Building on this opening, senior advocate Meenakshi Arora and advocates Kaleeswaram Raj and Sunil Fernandes punched holes in the Centre’s argument that decriminalising Section 497 would affect the sanctity of marriage. They argued that the provision was not of much help in this regard as it did not punish a married man for adultery when he had sex outside marriage with a unmarried woman, widow or a trans-gender.
 
Citing a US judgment, they argued that Section 497 restricted sexual autonomy and freedom of men and women, irrespective of marital status. Sounding a caution, the CJI said, “If we hold Section 497 as unconstitutional, then the section goes. But our concept of sanctity of marriage is very different from that in the US. Striking down Section 497 will not mean the SC gave a licence to married men and women to have licentious behaviour and conferred a right to fall in love outside wedlock. Adultery will continue to be a gender neutral ground for divorce and that should be the restriction on a married couple’s sexual freedom.”
 
Arora said even Lord Macaulay, on whose work the IPC was framed in 1860, in his original draft had not recommended adultery to be made a criminal offence. He had said it was a moral wrong which should only have civil consequences.

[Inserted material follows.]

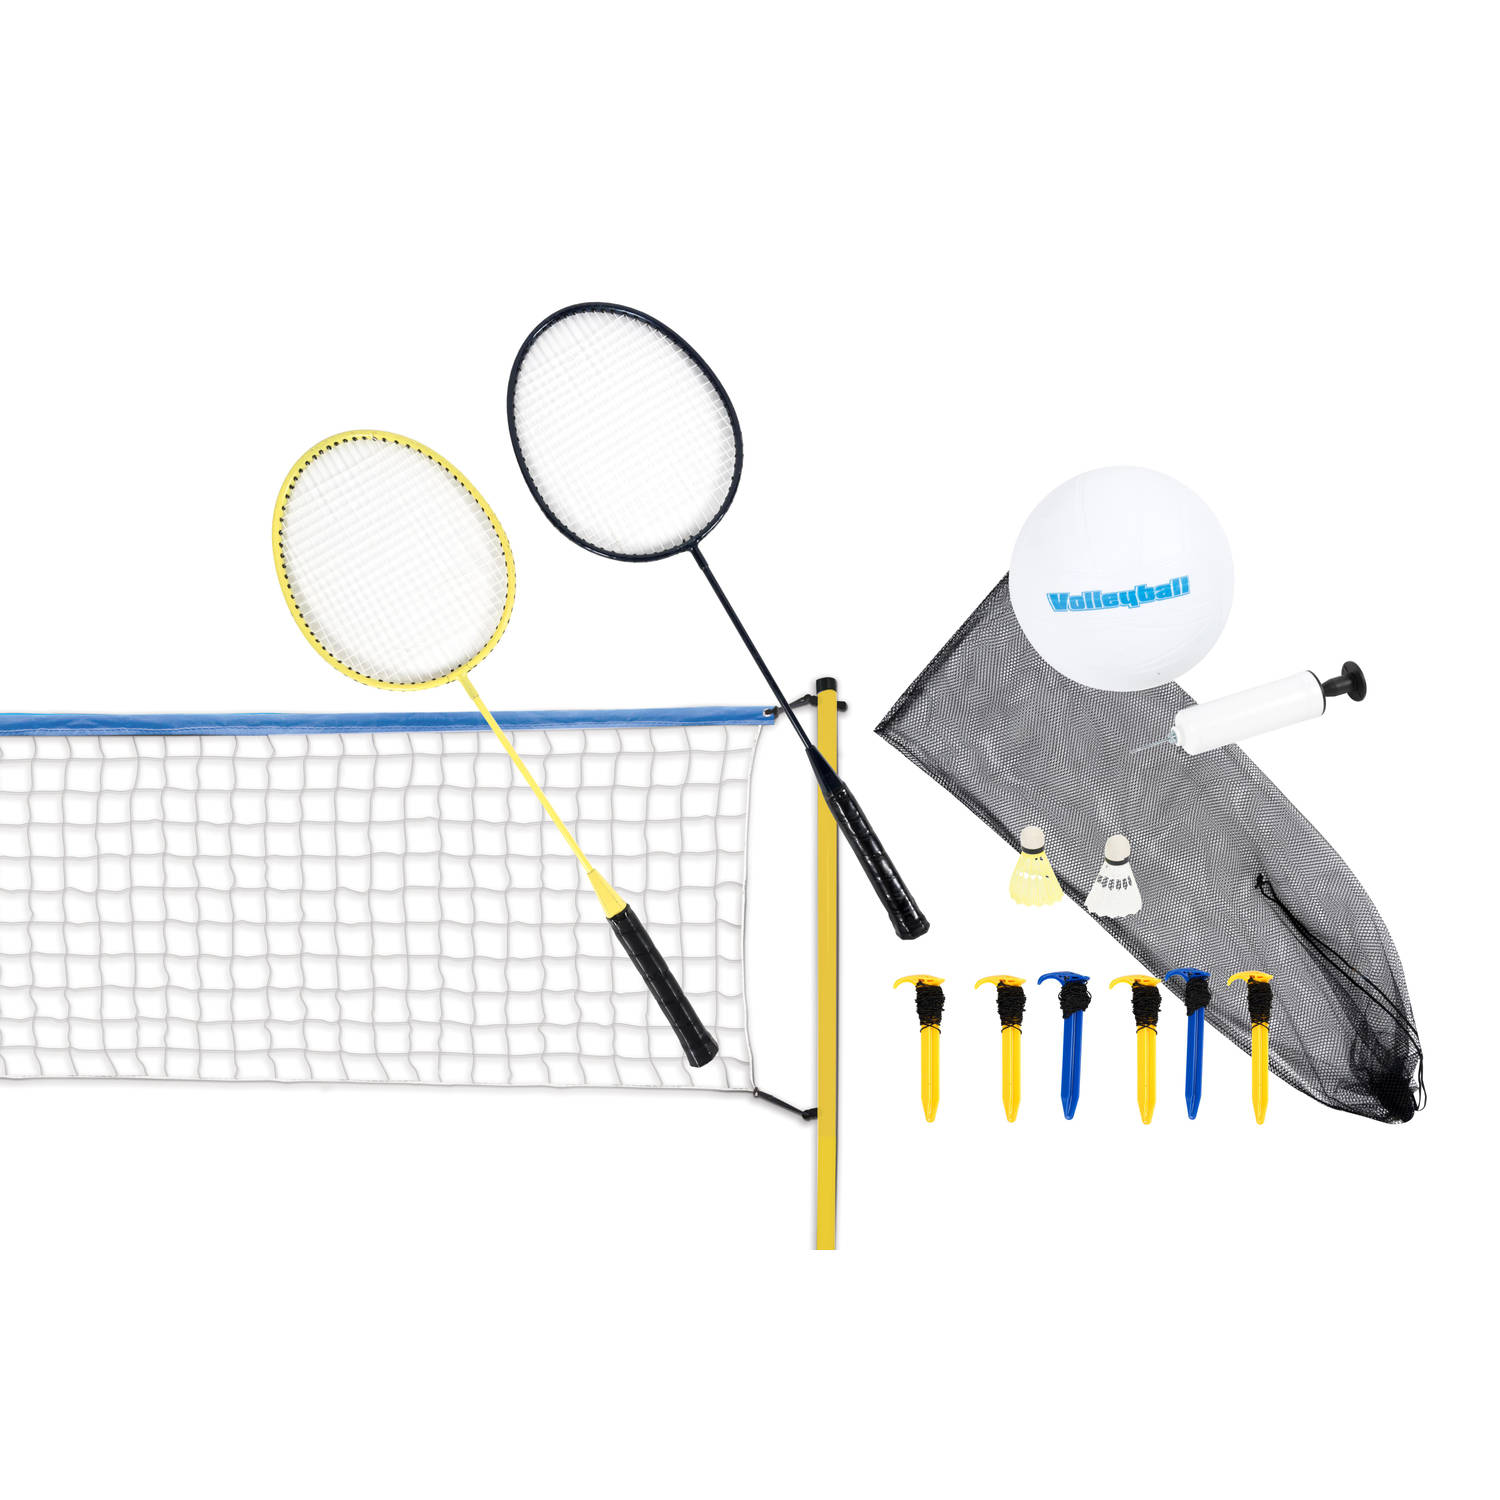 Scatch volleybal- en badmintonset met net, rackets, shuttles en bal draagtas 310 x 168 cm

But the canonical concept of woman as husband’s property, and that if anyone wanted to enjoy that property he must have the spouse’s consent became law, she said.
 
 

 

Justice Chandrachud said very often adultery happened when a marriage had already broken down and the husband and wife were living separately. “It takes years to get a divorce decree. Should we say a woman must get consent or connivance of her estranged husband in seeking love and affection of another man? And if she does, should the man be prosecuted for adultery?” he asked.
 
Arora said most countries had done away with adultery as an offence, including Sri Lanka, Bhutan and China. If the provision was held constitutional, then India would be bracketed with countries like Afghanistan, Brunei and Iran which have a prudish view on women’s rights, she added. The Centre will present its arguments on Tuesday.